As the song goes, “We all need somebody to lean on.”
We also need money sometimes, and that can come in the form of a personal loan or a line of credit.
These two credit options have a lot in common, but you should know the difference if you want to make a cost-effective decision that meets your needs.
A personal loan is a structured, set amount of money you can borrow. You get the money upfront in a lump sum, and lenders typically set a minimum on how much money they give in a personal loan, which makes smaller amounts more difficult to attain.
When you take out a personal loan, you agree to repayment terms that dictate how much you pay back every month for a set amount of time. If you miss a payment, you may be charged punitive interest fees.
These are the three things that most affect the terms of a personal loan:
- Your personal financial profile
- How much money you borrow
- How many months you need to repay
A personal line of credit is similar to a credit card. Often called “revolving credit,” a line of credit allows you to access to cash as you need it, instead of upfront in a lump sum. With it, you have access to the amount of money you need, though there is a set limit.
However, repaying a line of credit is different from a personal loan.
Once you begin using your line of credit, it’s best to pay it back as quickly as possible to avoid possible interest charges. But it’s not as structured as repaying a personal loan.
Each lender’s terms are different, and it’s important to read the fine print to know exactly what you can and cannot do. In general, repaying a line of credit is like repaying a credit card.
But revolving credit also doesn’t have an end. So if you’re working on a project with an uncertain end-date, you can use this form of capital to ensure you get it all done without having to apply for a new loan. Also, you’ll only have to pay interest on the amount you actually borrow. So if a project comes in at a lower amount than you expected, you won’t be on the hook for the difference.
The biggest differences between a personal loan and a line of credit are in how you receive the money (lump sum vs. revolving) and how you repay (structured vs. as-you-go).
But there are differences in how they’re set up, too.
A line of credit typically has a higher interest rate. How much you pay in interest is decided by the factors that affect your ability to borrow money: credit score and income.
The rate on a line of credit is often variable, which means the lender can change the rate after you’ve opened up the line of credit. A line of credit is often easier to attain, as well.
A personal loans is more likely to have a fixed rate, though a variable rate is possible. They’re also tougher to secure for people with less-than-stellar credit.
Your credit history and income are important factors if you’re interested in a personal loan or a line of credit — lenders use them to determine your interest terms.
Personal loans and lines of credit can be secured or unsecured. If it’s secured, you must provide some form of collateral, like property or a car.
A personal loan is usually a good idea if you know exactly how much money you need.
For example, if you already have a bill and know that’s all you need to pay.
Other situations where a personal loan might help:
- Auto repairs
- Unexpected medical costs
- Big-ticket purchases (e.g. a new car)
- Credit card balances
- Tax bills
A line of credit is ideal if you don’t know exactly how much money you need.
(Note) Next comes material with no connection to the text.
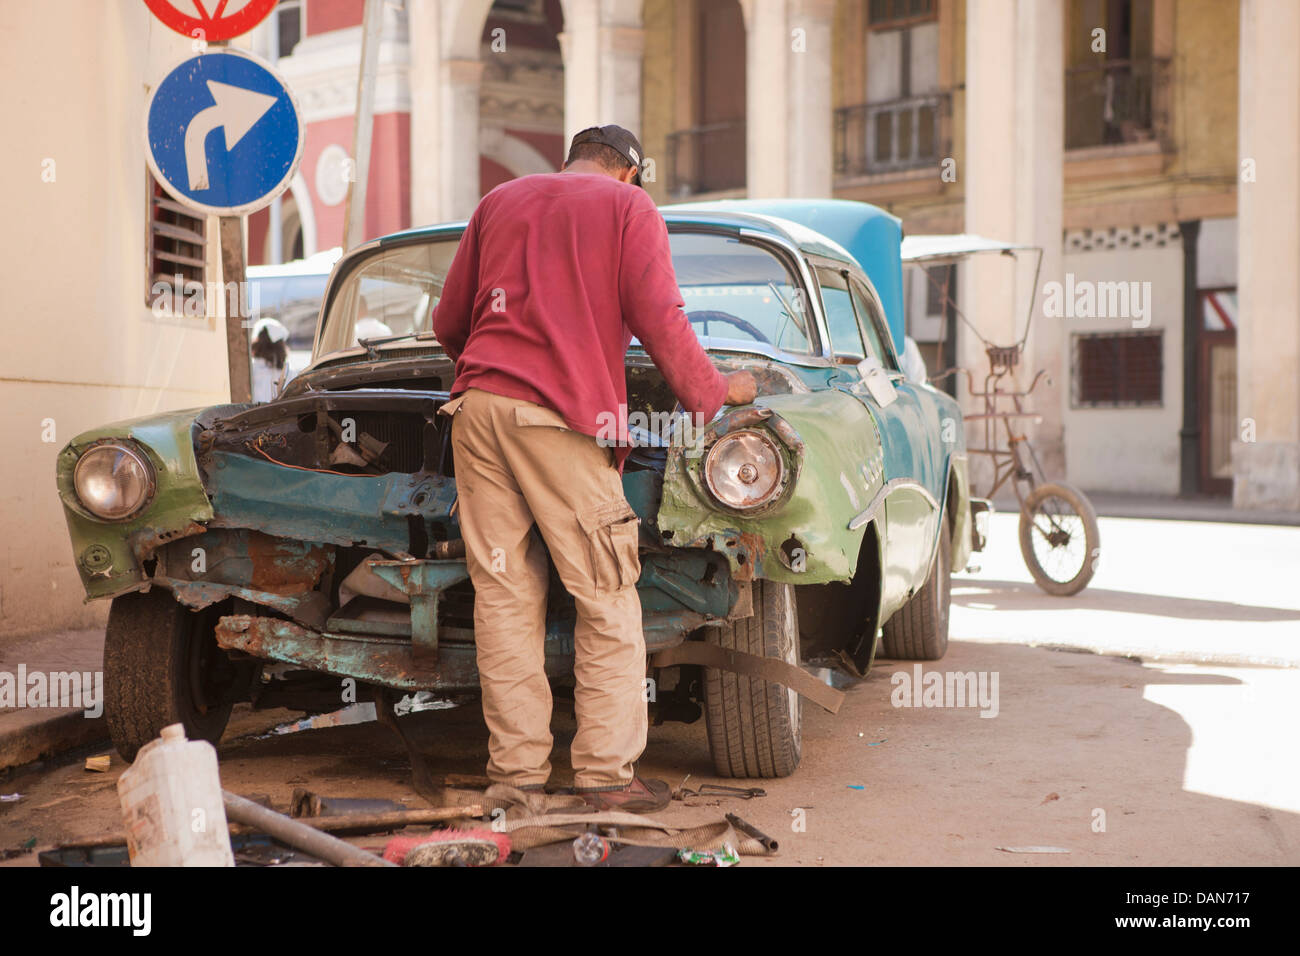 Cuba, La Habana, uomo cercando di riparare un vecchio automobile americana Foto Stock

If you have ongoing expenses, for example, or if you aren’t sure when your next big payday will arrive, a line of credit can provide stability.
A few times when a line of credit could help:
- Weddings (unexpected costs often arise)
- Home renovations
- Ongoing medical costs
- Unpredictable income (contract workers or commission-dependent salespeople)
Bottom line: If you need to borrow money, you have reliable options in either a personal loan or a line of credit. A personal loan is more rigid, but usually has a better interest rate. A line of credit offers more flexibility, but you need to be smart about repaying it.